For instance, do you own a domain? ICANN, the non-profit responsible for unique identifiers across the Internet, requires every domain registered to have publicly listed contact information (with different top-level domains having different rules for how and how much information must be displayed). And while there was debate in 2013 (PDF) about making that data less public (accessible only in situations like legal cases or purchases and sales), today anyone can use publicly available online tools to find this whois information for any domain. For example, a whois lookup on arstechnica.com shows you who owns it (Condé Nast Digital) as well as the administrative and technical contacts.

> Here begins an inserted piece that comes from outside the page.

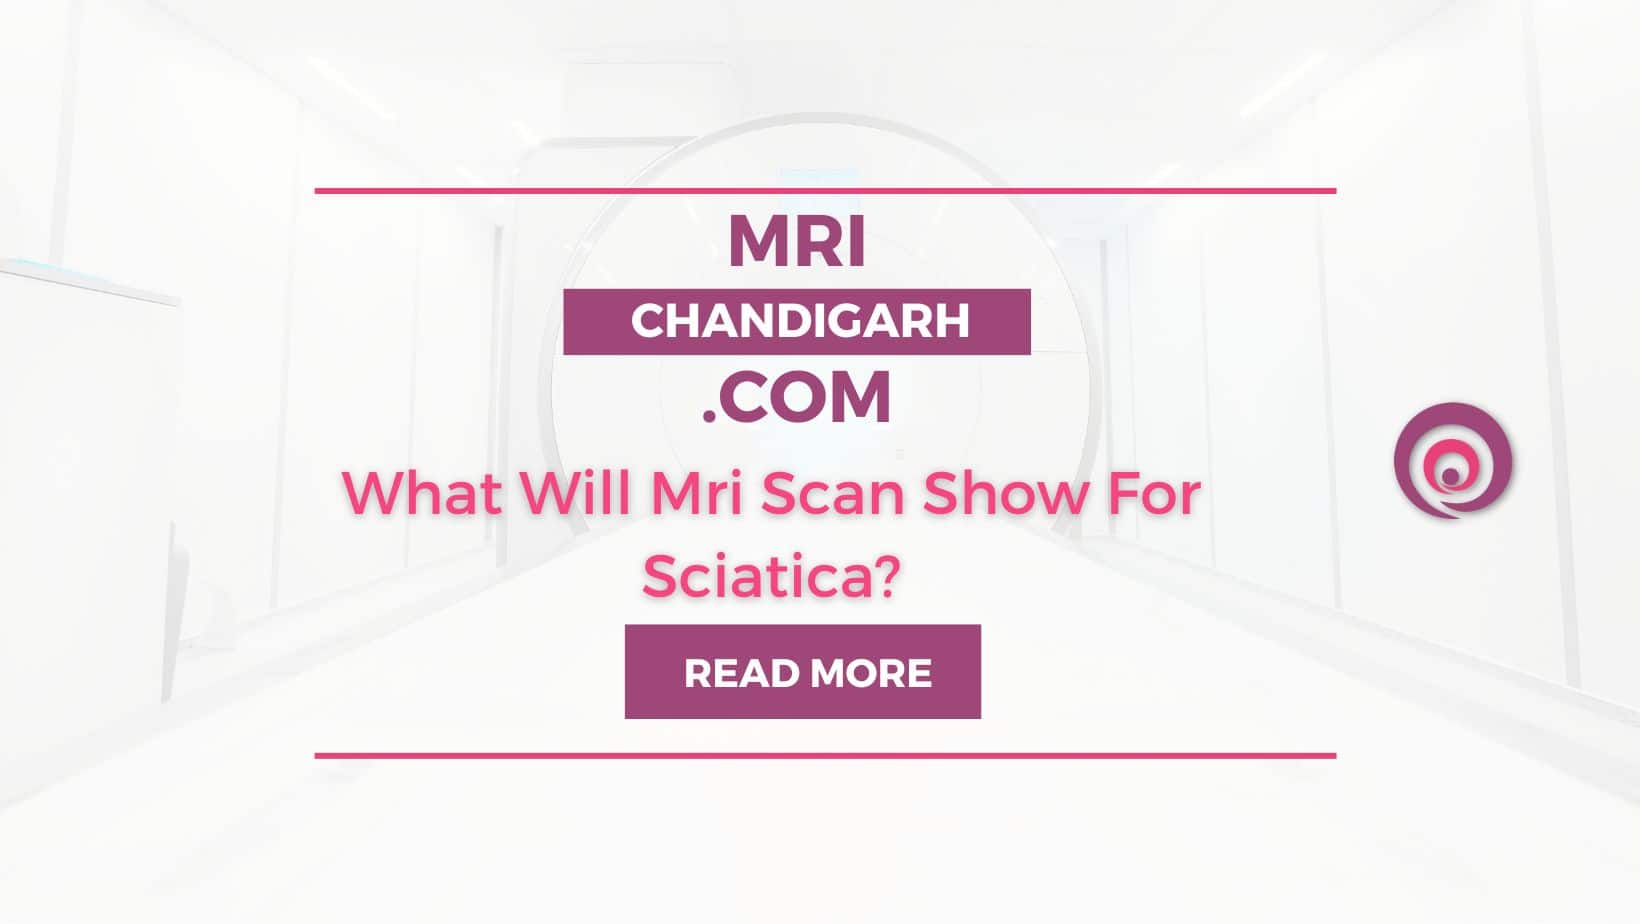 What Will Mri Scan Show For Sciatica?

So if you've registered a domain, the information you provided may be similarly visible—clearly not an ideal situation when guarding against online harassment. You may think the answer here is simple: don't provide some details (address, phone number, primary e-mail, etc.) or provide fake details. However, depending on the hosting service, your billing information may double as your ICANN information. From personal experience, the popular Hostmonster is one such outlet. Even after updating official "contact information" through the service post-dox, a simple whois search produced the original information more than a month after the fact.

Instead, the real solution is simple yet frustrating: pay up. Most registrars sell a service variously called "WHOIS protection," "Privacy Guard," or other similar names, an offering where they substitute their own information into ICANN's database instead of yours. At Hostmonster, $12 per year will swap out any personal details via the Hostmonster Domain Privacy service. Other registrars (like Gandi.net) offer such services for free.